Les pays du G7 condamnent l’Iran et préparent leur entrée en guerre

« Nous ripostons depuis 5 h 45. » C’est par cette déclaration notoire qu’Adolf Hitler justifia l’invasion allemande de la Pologne le 1er septembre 1939. Les SS d’Hitler avaient auparavant orchestré une fausse attaque polonaise contre la station de radio de Gleiwitz, en Silésie, afin de présenter l’offensive de la Wehrmacht comme un acte de légitime défense.

En réalité, les Allemands ne ripostèrent pas. Ils lancèrent une campagne d’extermination méticuleusement planifiée, au cours de laquelle 6 millions de Polonais, 28 millions de citoyens soviétiques et des dizaines de millions d’autres personnes trouvèrent la mort. Cette orgie de destruction culmina avec le massacre systématique de 6 millions de Juifs.

Des secouristes inspectent les décombres d'un immeuble résidentiel touché par une frappe militaire américano-israélienne nocturne à Tabriz, dans la province d'Azerbaïdjan oriental, au nord-ouest de l'Iran, le mardi 24 mars 2026. [AP Photo/Matin Hashemi]

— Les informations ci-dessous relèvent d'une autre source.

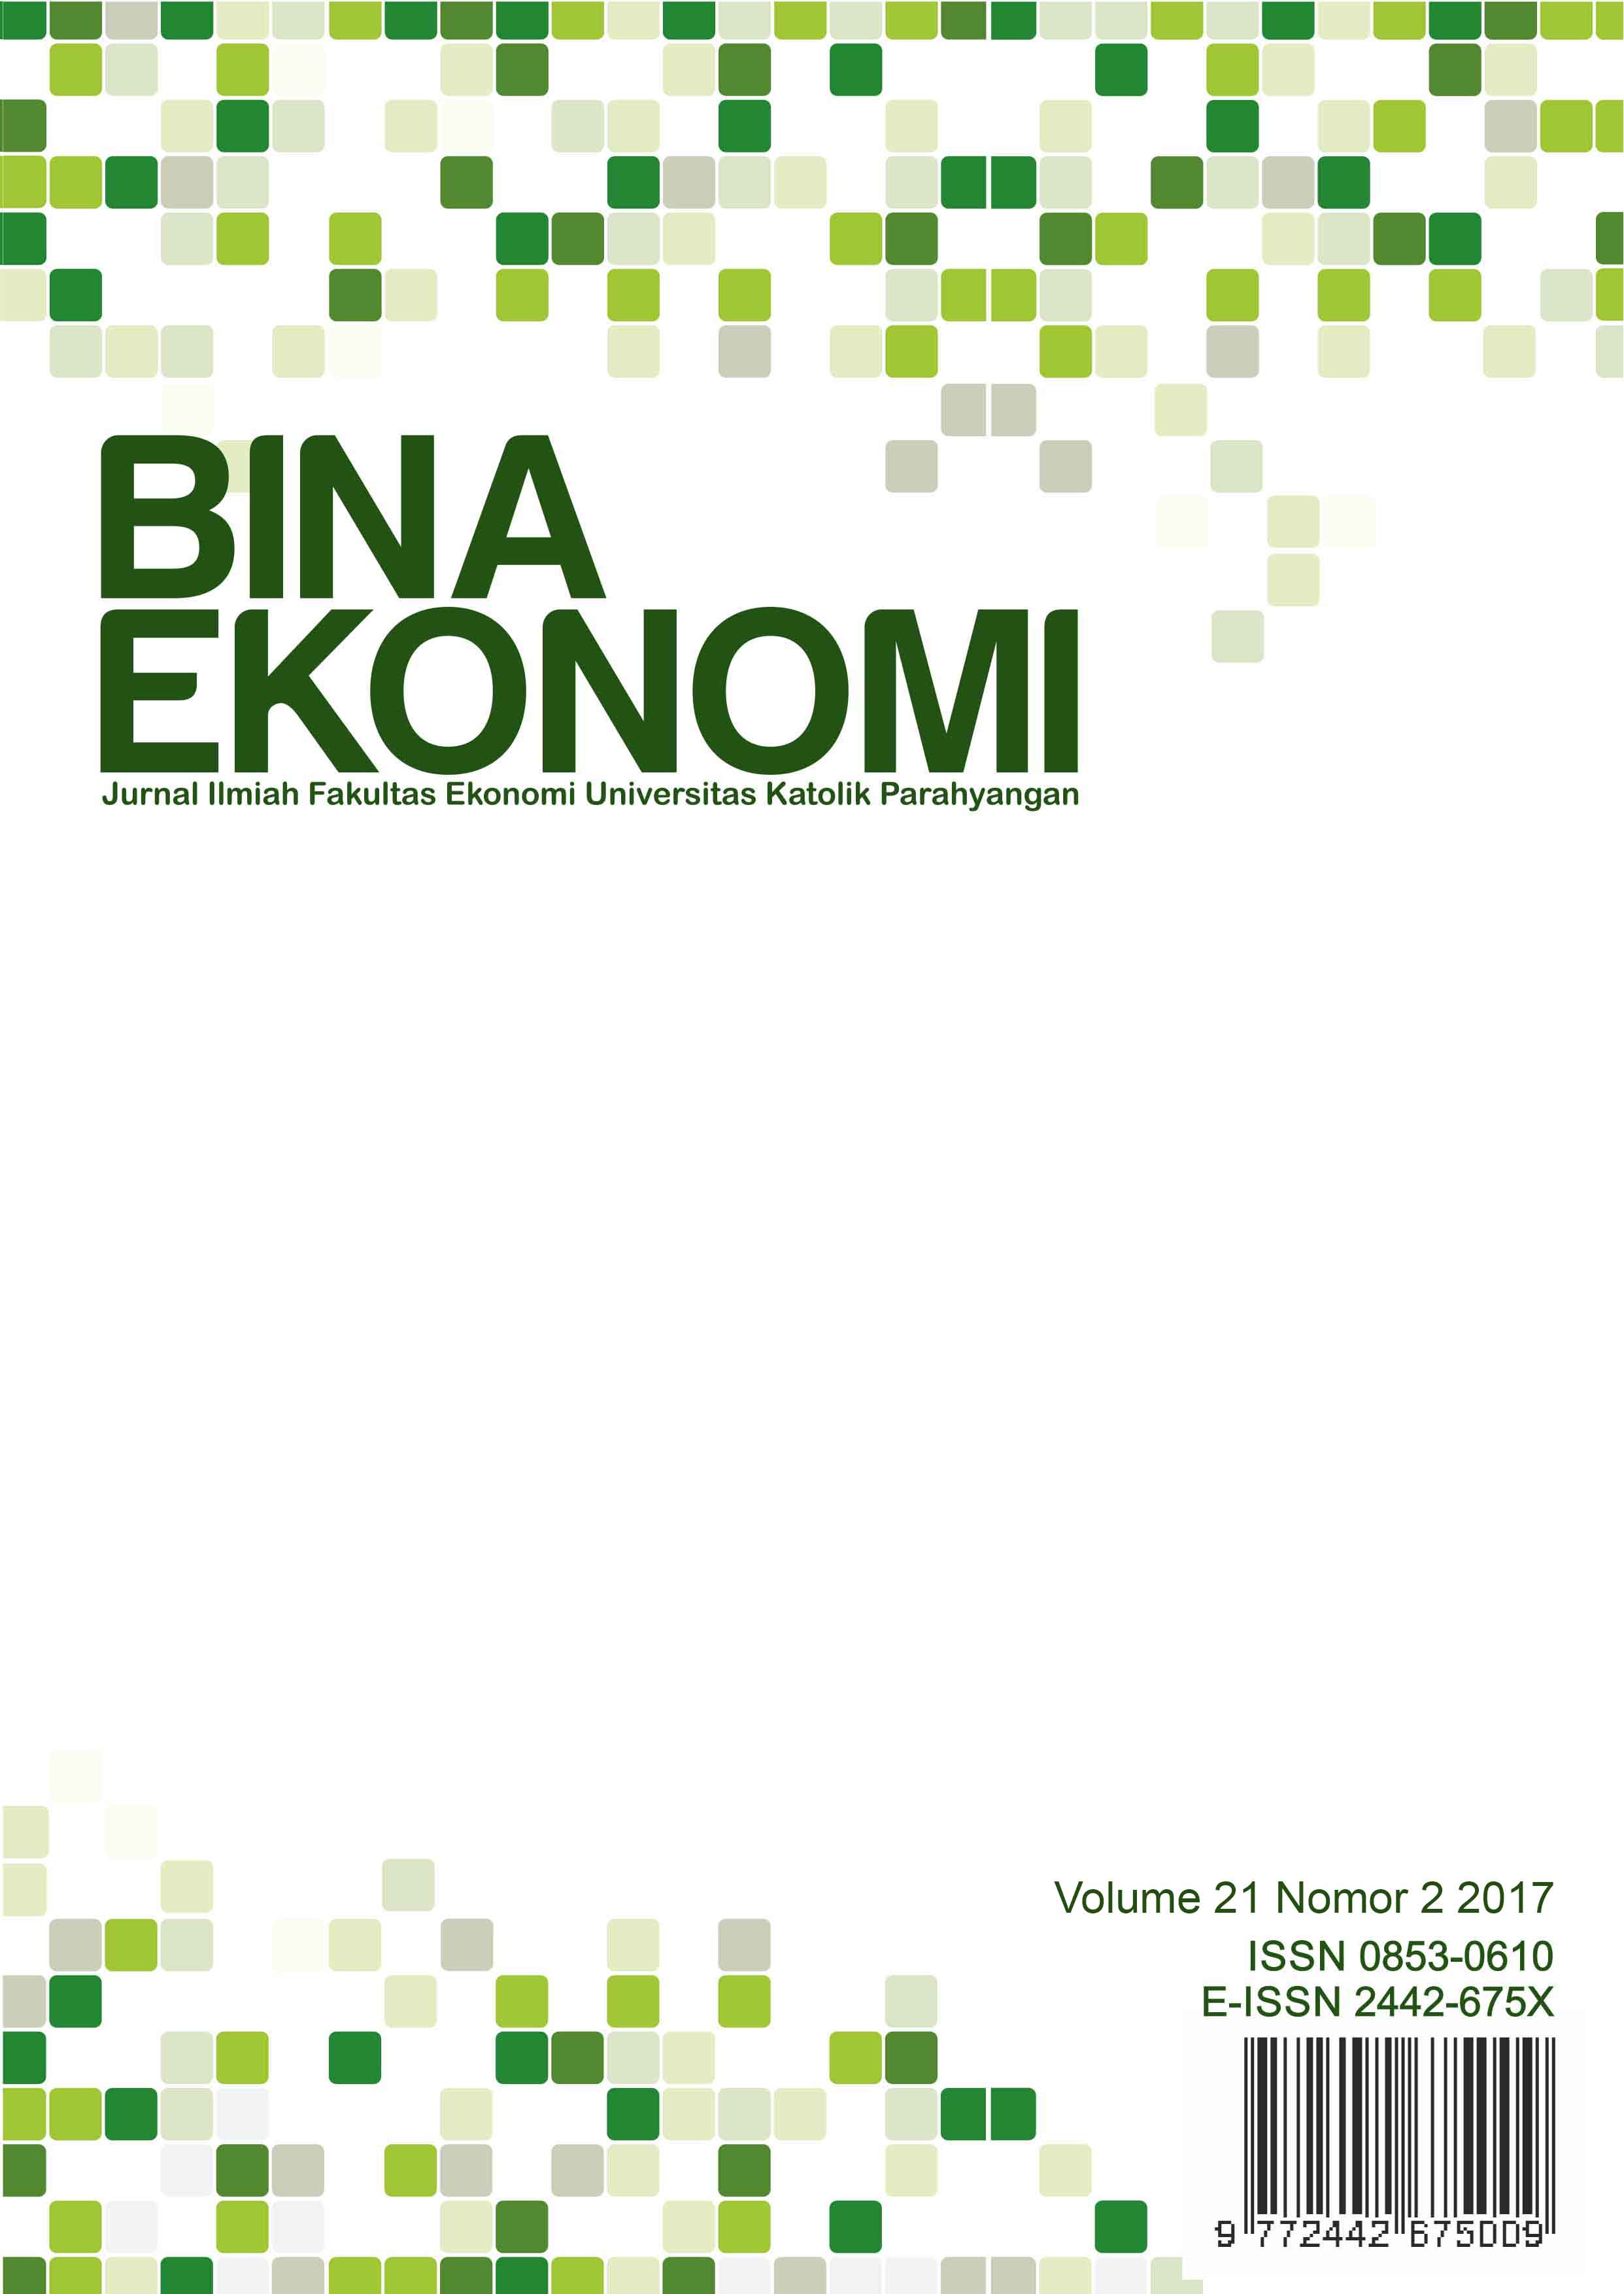 					View Vol. 21 No. 2 (2017): Bina Ekonomi: Majalah Ilmiah Fakultas Ekonomi Universitas Katolik Parahyangan
				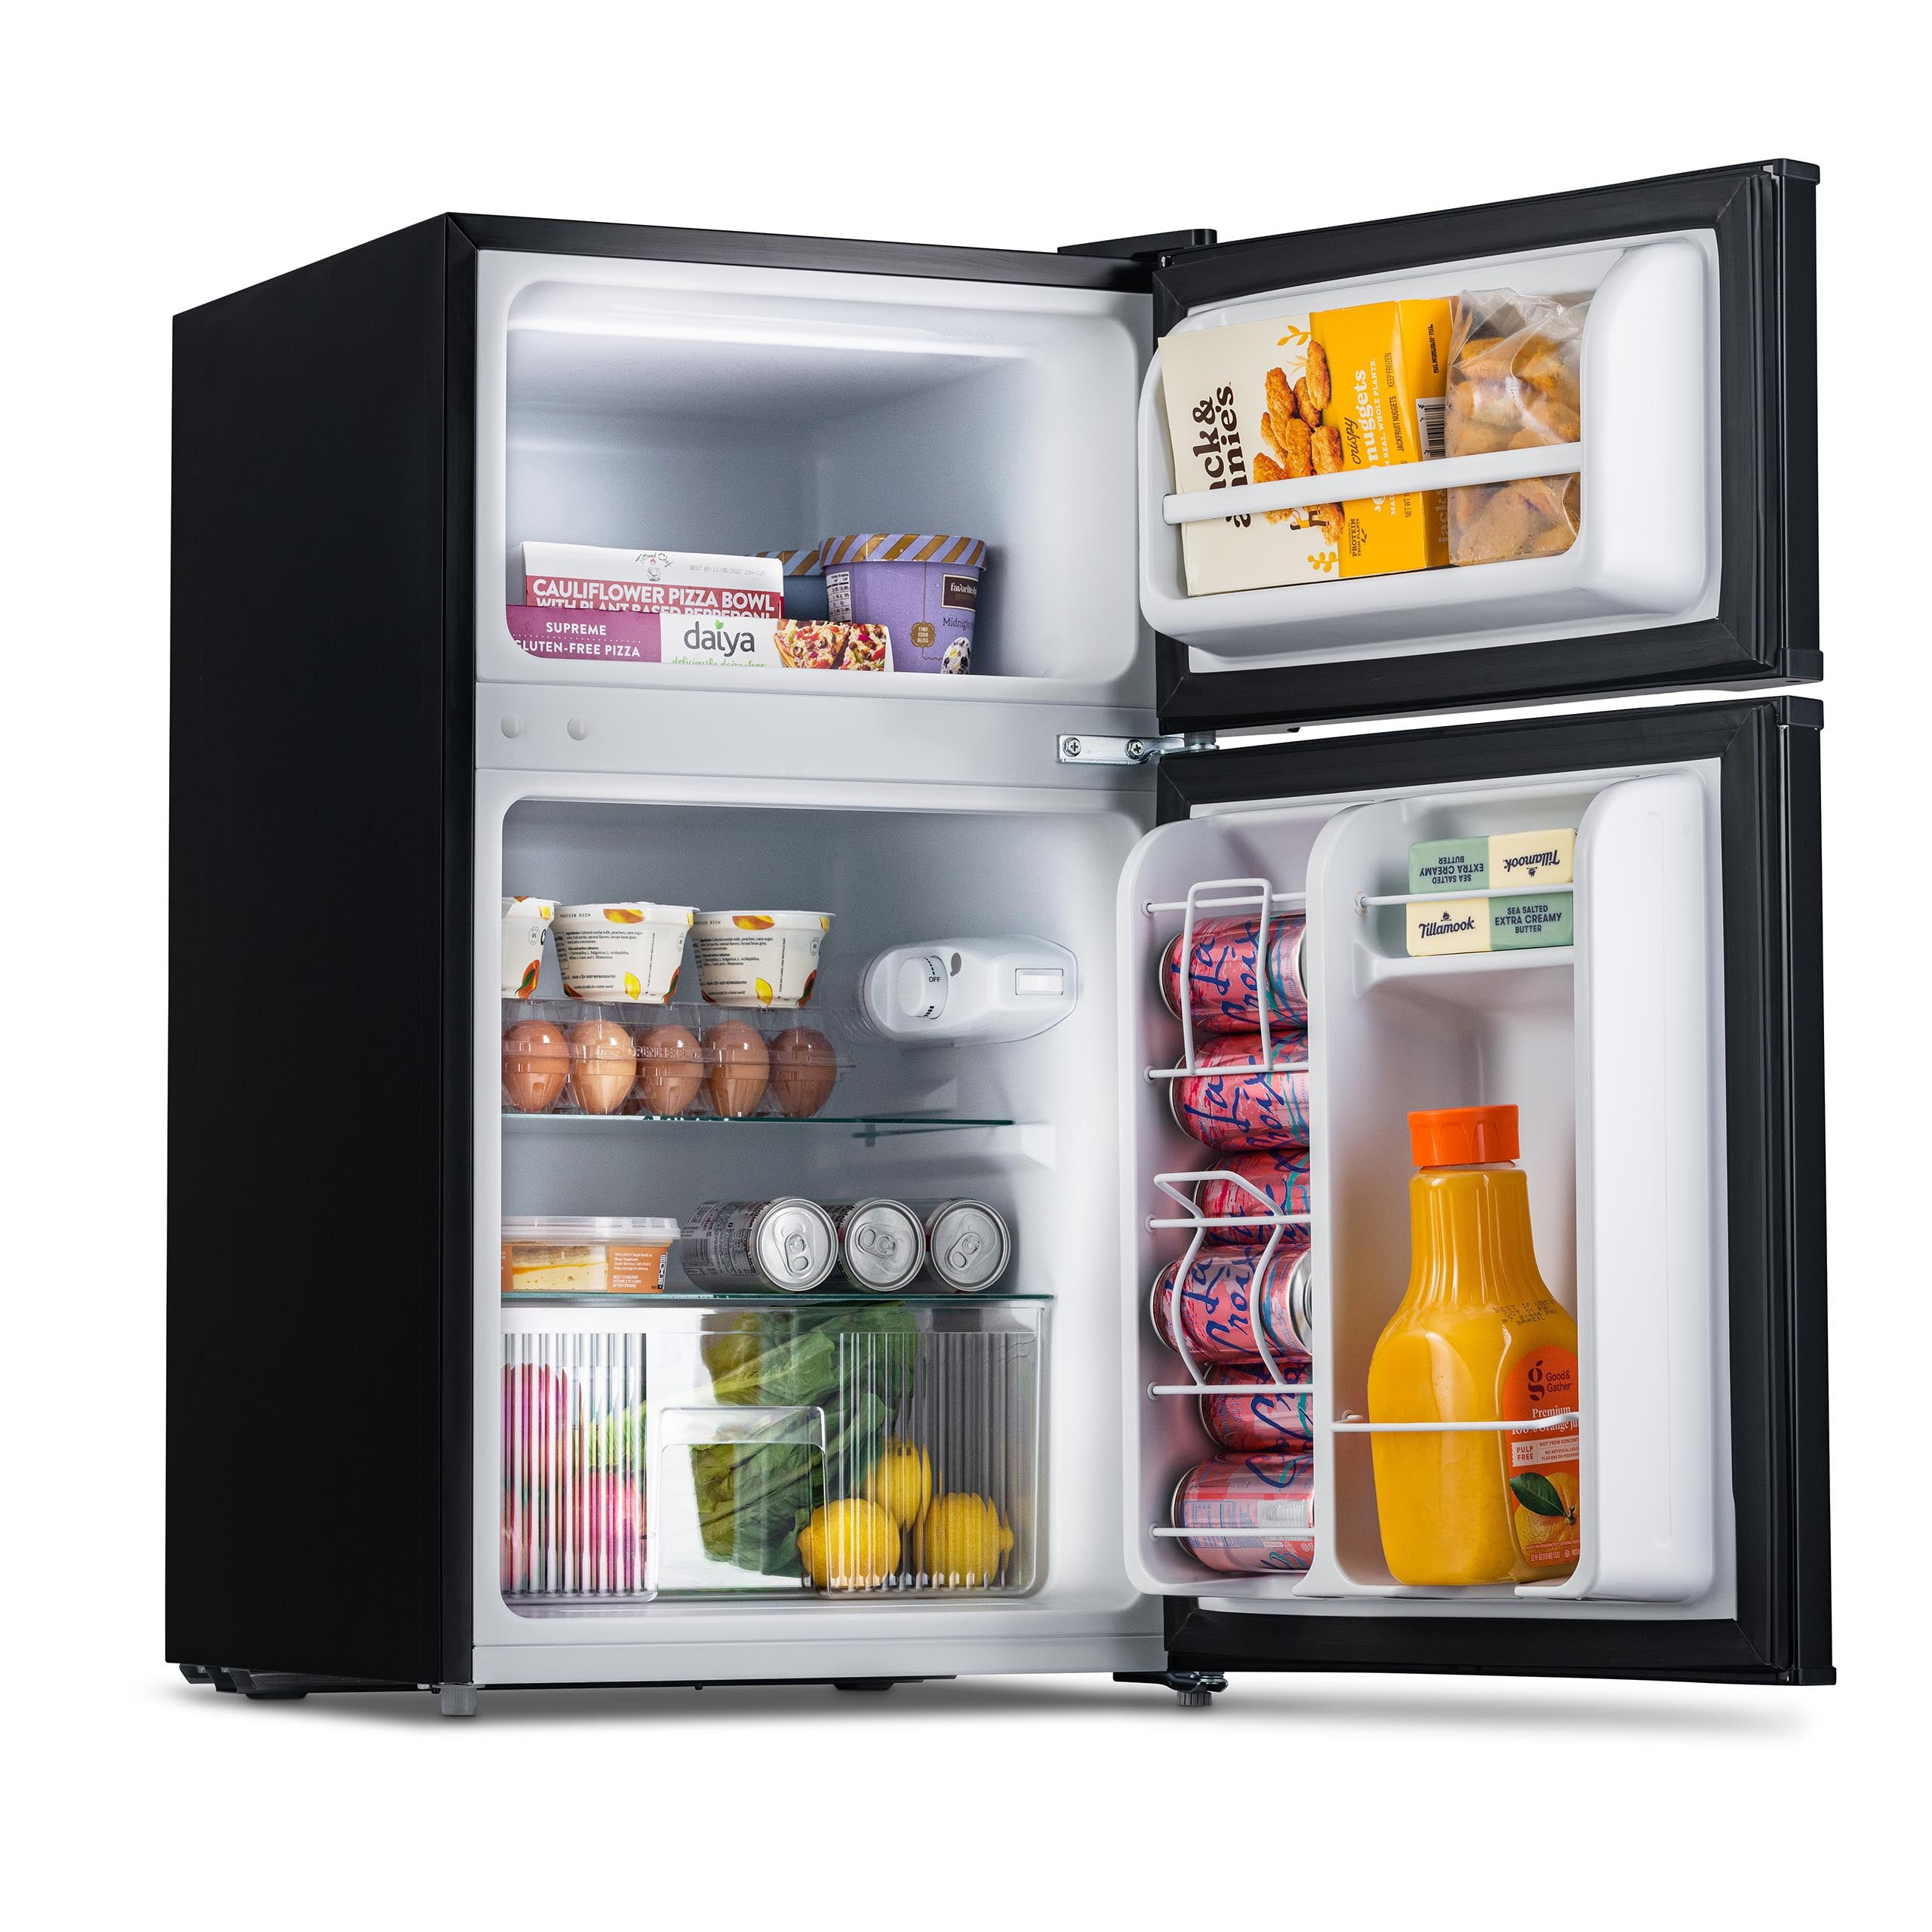 NewAir 3.3 Cu. ft. Compact Mini Refrigerator with Freezer, Can Dispenser - Gray

La « Déclaration du G7 en soutien aux partenaires du Moyen-Orient », adoptée le 22 mars par les ministres des Affaires étrangères de l'Allemagne, de la France, de l'Italie, du Japon, du Canada, du Royaume-Uni, de l'Union européenne et des États-Unis, rappelle les mensonges éhontés d'Hitler. Elle marque la rupture définitive des puissances impérialistes européennes avec le droit international, au profit du principe de « la loi du plus fort ».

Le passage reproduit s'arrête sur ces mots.